Can I wrap it around once or twice? If I thrust into her, what kind of noises will she make? Tiny whimpers of pleasure, or loud gasps that echo across the room?
If I told her how many times I’ve stopped to watch the way her tight skirts stretch over her round ass as she bends over and how it makes my hand itch to strike the soft flesh I know is underneath, would she blush, or cry out for more? Or both?
I hope if I ever find out, it’s both.
God, I would do unfathomable things to get Harper Hawthorne bare and writhing underneath me. But instead I watch her from afar because there are a million boxes on why I shouldn’t want her and every single one of them is checked.

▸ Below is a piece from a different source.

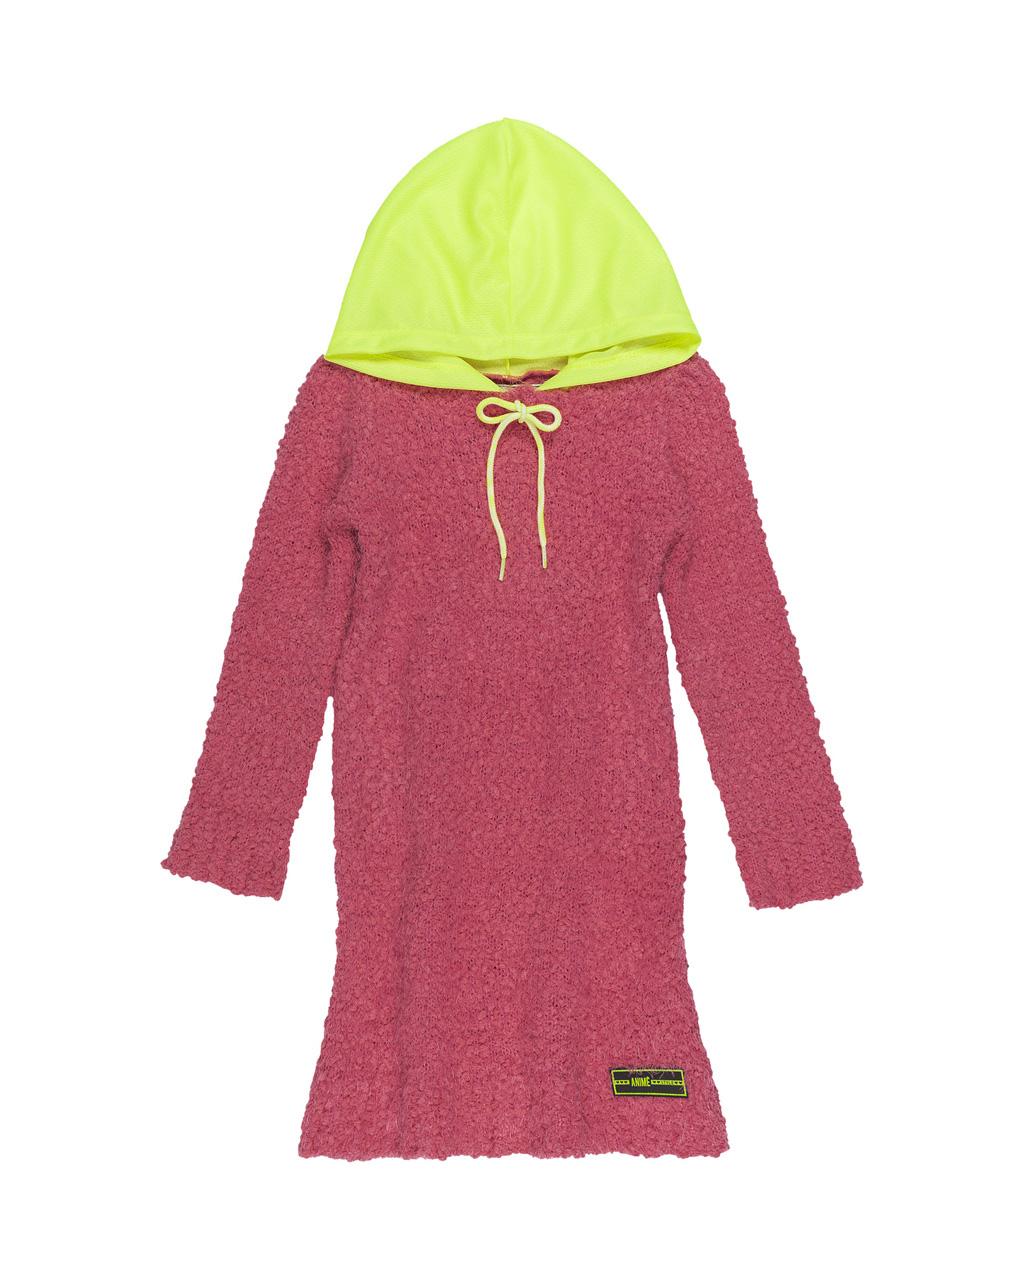 Vestido Infantil Tricot Fluffy Rosa com Capuz Amarelo Neon Animê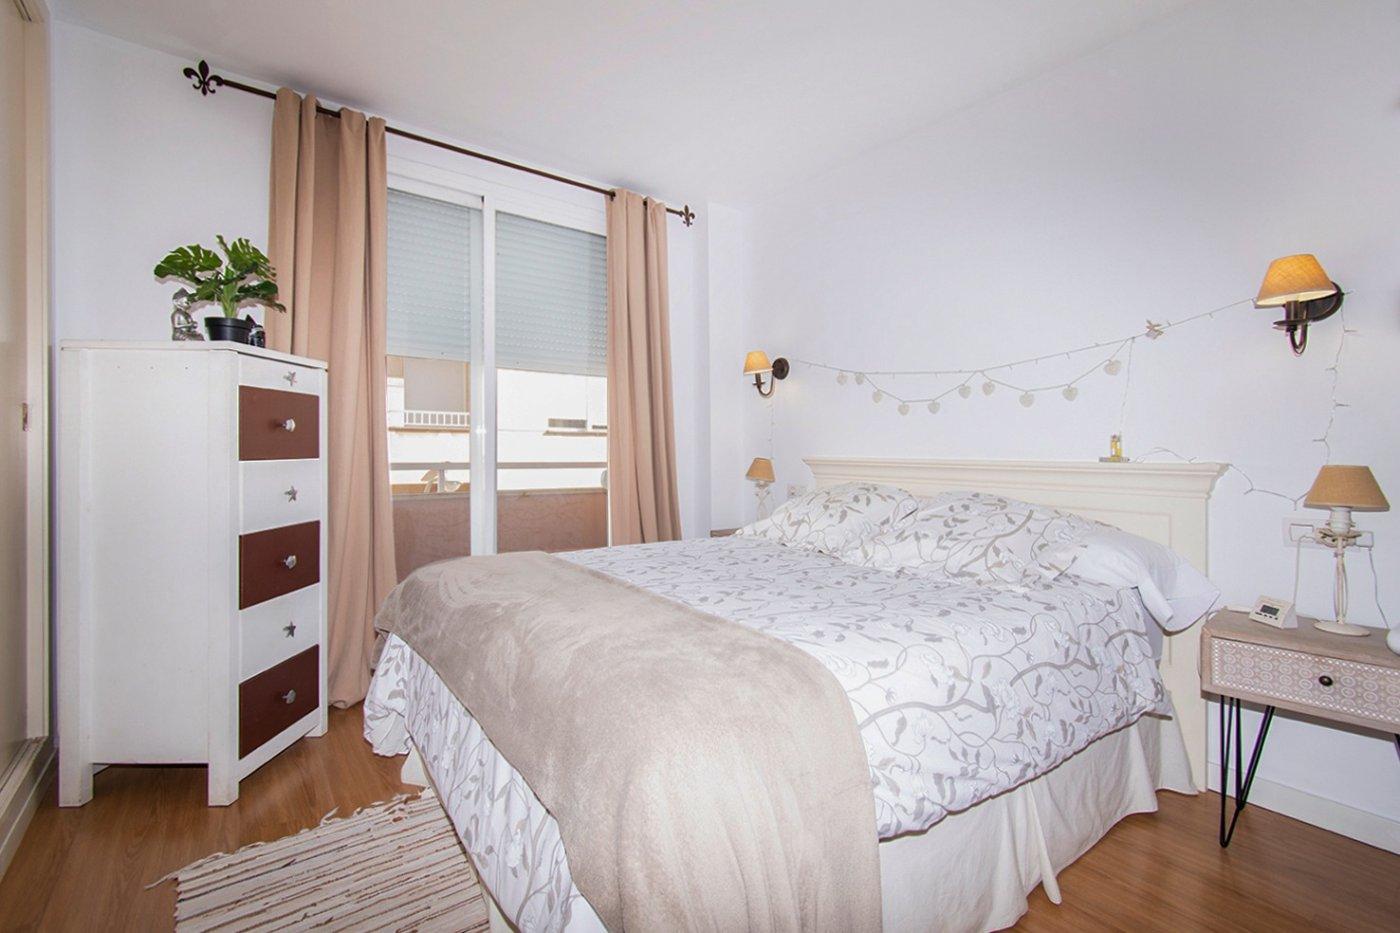 Ático-dÚplex de 3 habitaciones con terraza en planta en pedro garau (parking opcional) - imagenInmueble11

Harper wipes away the drops of water that fell onto her chin with slow precision as she stands, too quick for me to react. She turns and locks eyes with me because I’m too focused on her to remember that I shouldn’t be staring.
Even from this distance, I can see her brows scrunch together, and her dark eyes dart around to figure out why I’m hanging around in the middle of the hallway.
I feel like a schoolboy, unable to control my desires when I’m near her.
So I do the only thing I can think of, I turn on my heel without a word and walk in the opposite direction.
Maybe Maxine is right, I’ll never tell her that, but it's been too long and maybe I did need to go to Midnights.